Not much went right for Darlington during the 2008/09 campaign, with financial troubles off the field eclipsing their efforts on it. The Quakers had looked good for a play-off spot at worst heading down the final stretch, but a 10-point penalty for entering administration put paid to their promotion dreams. The North East outfit can, however, take heart from the fact that a largely forgettable season did see Main continue his rise to prominence. Having become the club's youngest-ever player upon making his debut as a 15-year-old in May 2008, Darlington were always looking to utilise him more last term. Such talents rarely go unnoticed by the vultures circulating further up the League ladder, and needless to say Main has proven to be no exception. Fulham and Middlesbrough have both taken a look at the youngster during recent trials and will continue to monitor his progress throughout 2009/10.

Lewis McGugan

It is fair to say that the 2008/09 season did not go entirely to plan for Nottingham Forest prodigy McGugan. Having starred for the Reds in their promotion-winning campaign the previous year, the local boy-made-good was expected to sparkle in the more forgiving surroundings of the Championship. In reality, the goal-scoring midfielder flitted in and out of the side early on, before picking up a succession of niggling knocks. His return to the first-team fold then saw him regularly overlooked by boss Billy Davies, with the Scot raising concerns over his weight. McGugan has looked bright in pre-season, though, and at 20 years old he could be about ready to fulfil his undoubted promise.

Victor Moses

The second Crystal Palace player on our list is already a household name despite being just 18 years old. Having blazed a trail through the youth set-up at Selhurst Park it was only a matter of time before the Eagles were forced to unleash Moses on the senior game. By then he had already attracted interest from Premier League giants Chelsea, with Palace chairman Simon Jordan revealing he had been forced to fend off several approaches from the Blues.

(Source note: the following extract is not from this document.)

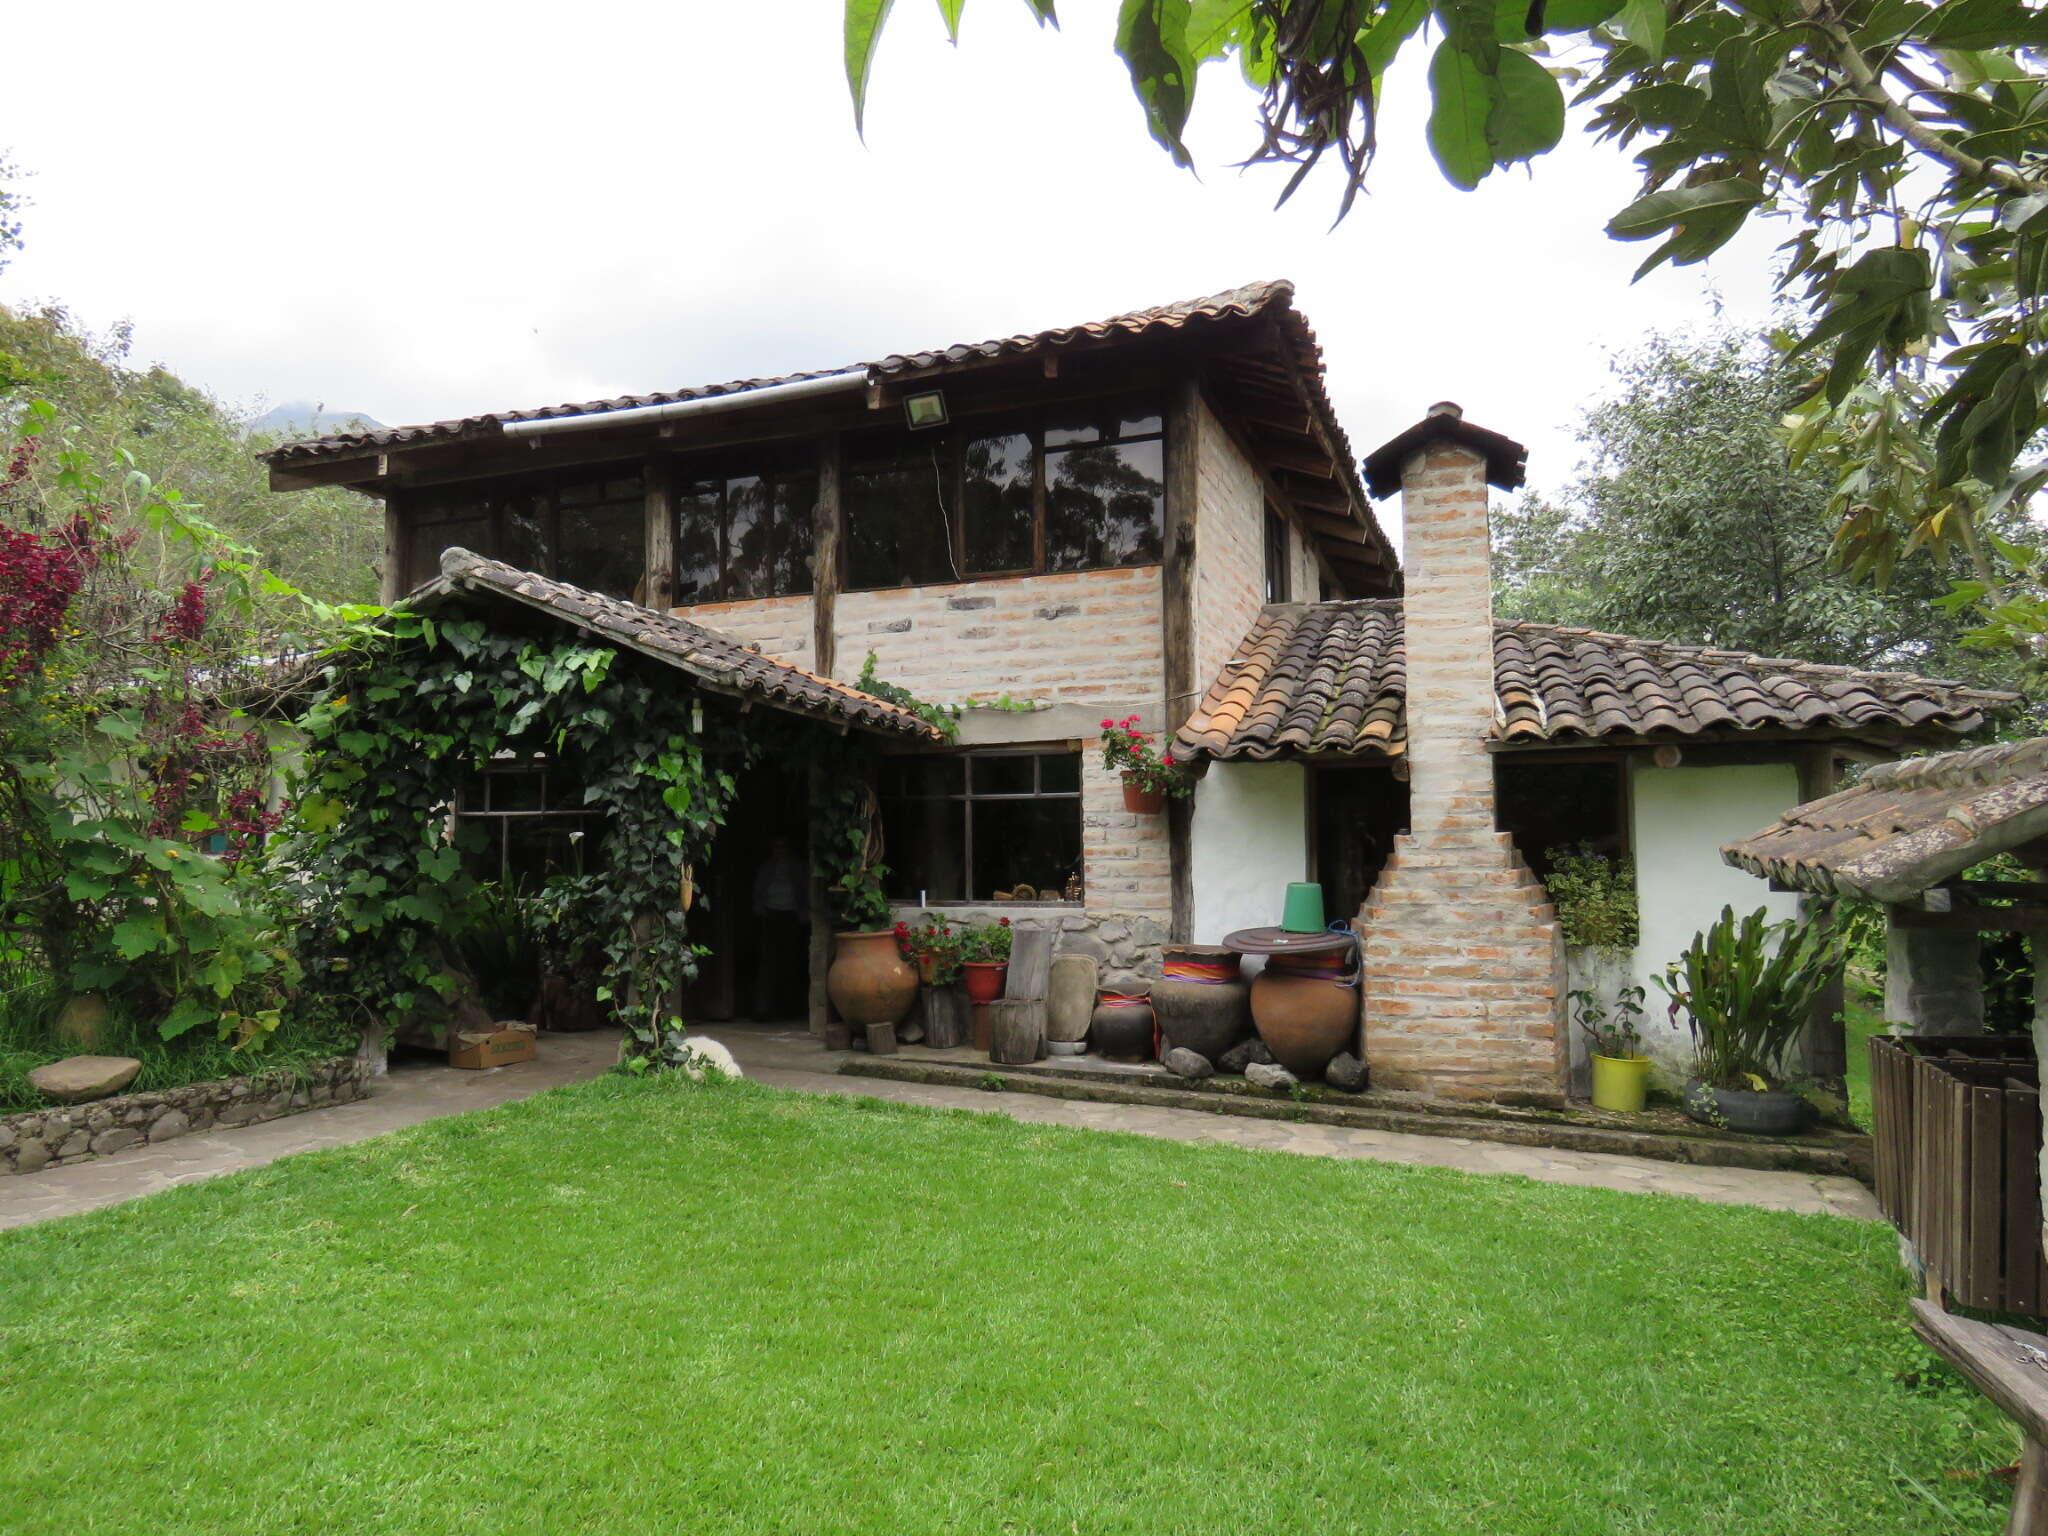 Otavalo – Hacienda Pinsaqui

Moses then burst onto the scene during the 2007/08 season, belying the fact that he was only 16 at time. Cross-capital rivals Arsenal were then reported to have joined the lengthy queue of admirers tracking his development, but the England U19 international penned a four-year deal with Palace at the end of the season. It remains to be seen whether he will see out that contract, but for now Eagles supporters will be delighted to know he will be on their side when the new campaign gets underway.

Reuben Reid

Multi-talented Reid could have been a professional cricketer, having turned out for Gloucestershire's second XI, but made the right decision when opting to focus his attention on his football. He may have feared that a disappointing stint at Plymouth, where he spent more time out on loan than he did at Home Park, had curtailed his promising career before it had even begun. However, a move to Rotherham in 2007 proved to be a shrewd call as the drop into League Two allowed him to showcase his ability on a regular basis. Just one season with the Millers was enough for him to start his ascent back up the League ladder, with West Brom suitably impressed by his goalscoring exploits at the Don Valley Stadium to snap him up this summer. He will now find himself coming up against former employers Plymouth this season, and he will be desperate to show the Pilgrims just how big a mistake they made in letting him go.